Granted, I'm definitely not computing this in the most efficient way possible, but... yeah. Just is what it is, I suppose! Can't all be complete.

Moving on...

## Thoughts on chunking

The previous approach is overly naive and simplistic because it assumes one pitch class set per note.

This is basically equivalent to assuming there's one note per chord / key change in the music.

This means that either the melody is moving very slow, or the harmony is moving very quickly.

In practice, there are typically several melody notes played per chord in a progression.

You can represent this by chunking together contiguous notes in the sequence and running the pcset lookup algorithm on them. 

I was originally going to suggest another naive (but more complicated) algorithm that finds _all_ the ways you can group together 
contiguous notes in a melody, and enumerate pcset sequences that fit them. This enumeration would definitely be even BIGGER than the 
previous enumeration.

However, I realized while thinking this through that our original algorithm basically already covers this.

I mean, think about it. Our original algorithm enumerates many pcset sequences where multiple pcsets in a row are identical. 
This yields results that are equivalent to the one's we'd get if we "chunked" together successive pitch classes.

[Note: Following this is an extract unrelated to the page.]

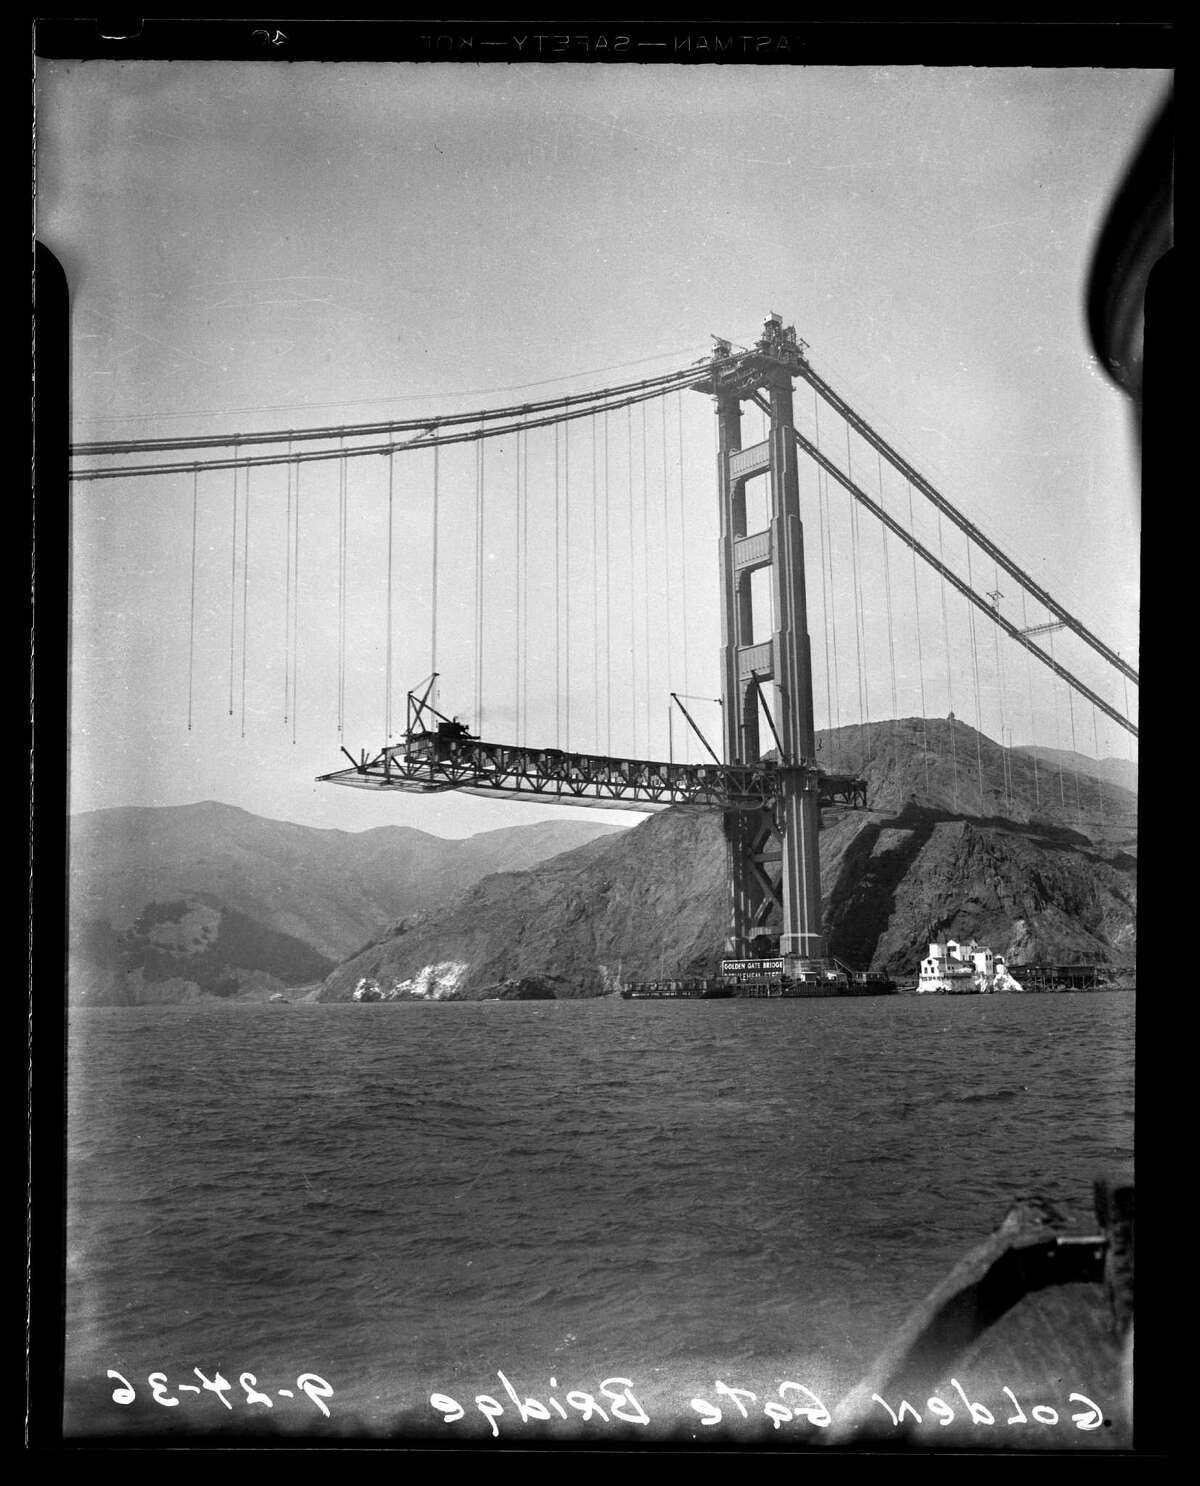 The Golden Gate Bridge under construction on Sept. 24, 1936.

It would, however, still be useful to chunk together successive pitch classes - just probably not useful if we're already enumerating in this one-pcset-per-note manner.

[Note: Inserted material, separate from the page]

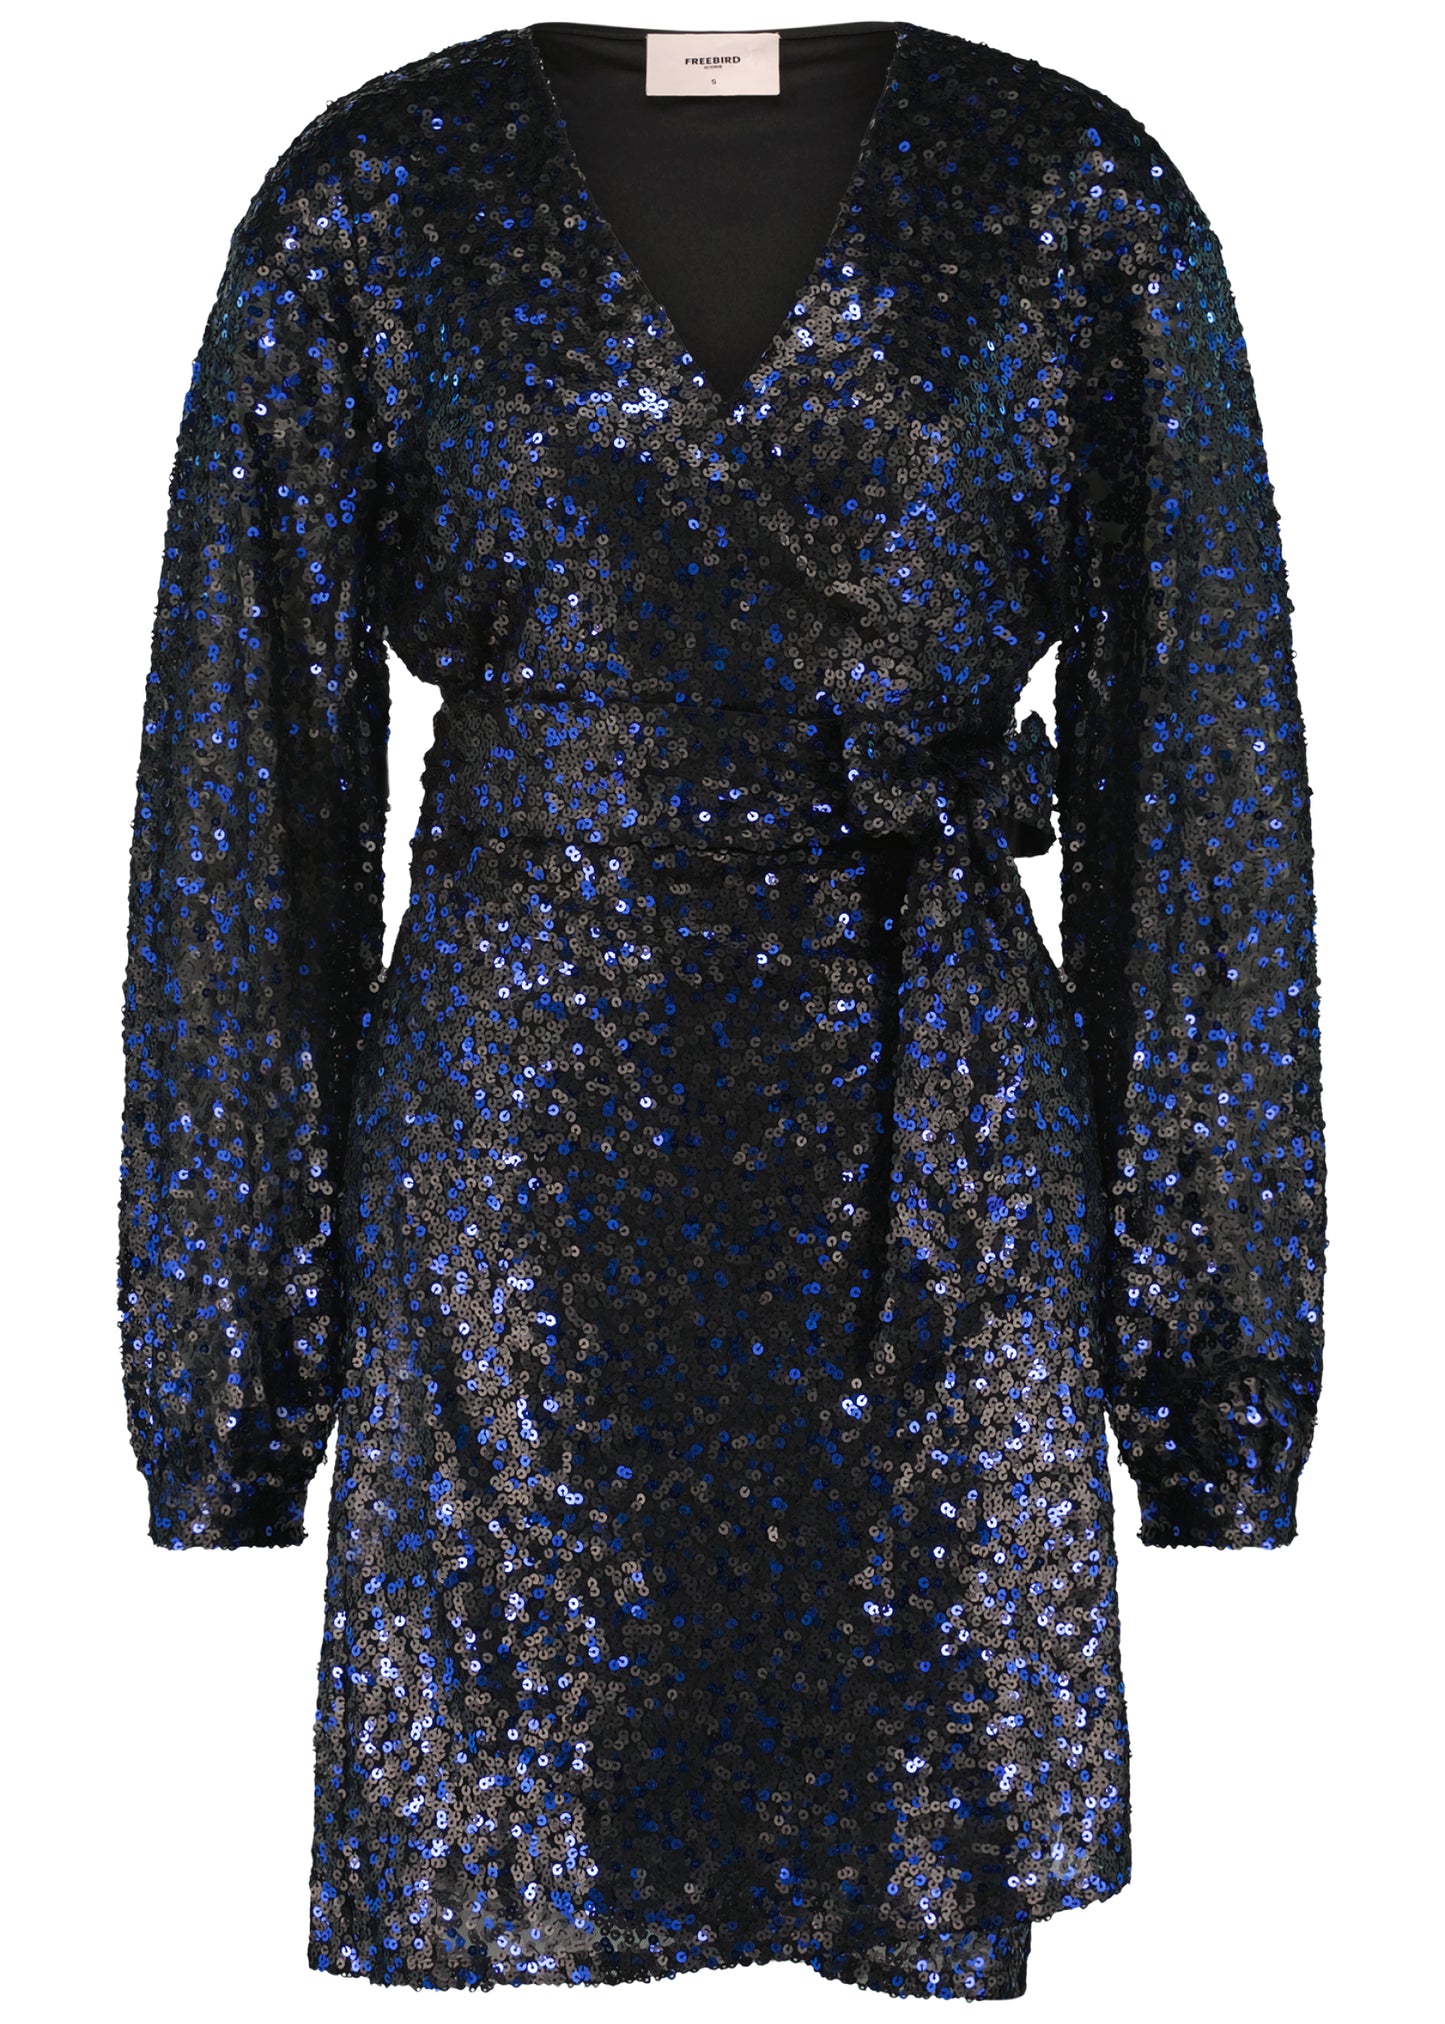 Dionne Dress Black/Blue

## Tossing junk pitch class sets for musically practical reasons

One thing about our naive algorithm is that a majority of the pitch class sets we consider are not musically useful.

One note, two note, ten note, and eleven note scales just aren't very useful. The same can be said about the chromatic scale, the empty scale, and scales that contain more than 3 semitones in a row. 

The question is, how do we find all the supersets of a pitch class set that fit these properties?

I guess we check for these predicates:

- Cardinality is between 3 and 9
- Interval structure contains no more than 3 (cyclically) successive semitones (1's)

Let's be honest, it'd make the most sense to cache these pcsets.

In [3]:
# get the max successive semitones in a pcset

from typing import Sequence
from harmonica.utility import cycle_diff, rotate


def max_semitones_in_pcset(pcset: Sequence[int], mod: int) -> int:
    diff = cycle_diff(list(pcset), mod, 0)  # max semitones = 3

    if 1 not in diff:
        return 0

    while diff[0] == 1:
        diff = rotate(diff, 1)

    counter = 1
    counting_semitones = False
    max_semitones = 0

    for num in diff:
        if num == 1 and not counting_semitones:
            counting_semitones = True
            counter = 1
        elif num == 1 and counting_semitones:
            counter += 1
        elif num != 1 and counting_semitones:
            if counter > max_semitones:
                max_semitones = counter
            counting_semitones = False
    if counter > max_semitones:
        max_semitones = counter

    return max_semitones

In [4]:
from more_itertools import powerset


def useful_scales(pcset_set: list[list[int]]) -> list[list[int]]:
    scales: list[list[int]] = []
    for pcset in powerset(range(12)):
        if 3 <= len(pcset) <= 8 and max_semitones_in_pcset(pcset, 12) == 1:
            scales.append(list(pcset))
    return scales


print(len(useful_scales([list(x) for x in powerset(range(12))])))

1165


Now let's try that same algorithm from earlier, but with less junk scales.

In [None]:
from itertools import product
from more_itertools import powerset
from harmonica.pitch._melody import PitchSeq

modulus = 12

pitch_sequence = PitchSeq([0, 2, 3, 9, 10, 17, 15, 14])
pitch_class_sequence = pitch_sequence.classify(modulus)

pcsets_per_pitch_class = []

for pitch_class in pitch_class_sequence:
    complement = sorted(set(range(modulus)) - set([pitch_class]))
    pcsets = useful_scales(
        [[pitch_class] + list(extra) for extra in powerset(complement)]
    )
    pcsets_per_pitch_class.append(pcsets)

# pcset_seqs_from_pseq = product(*pcsets_per_pitch_class)

# for pcset_seq in pcset_seqs_from_pseq:
#     print(pcset_seq)

This is still an absurd amount of harmonizations, even if I ignore scales that have more than 1 successive semitones. 

Perhaps this points to something: there is clearly a rather restricted set of scales that are musically interesting.

I should probably focus on those.

Either way, this is kind of just a junk algorithm, lol!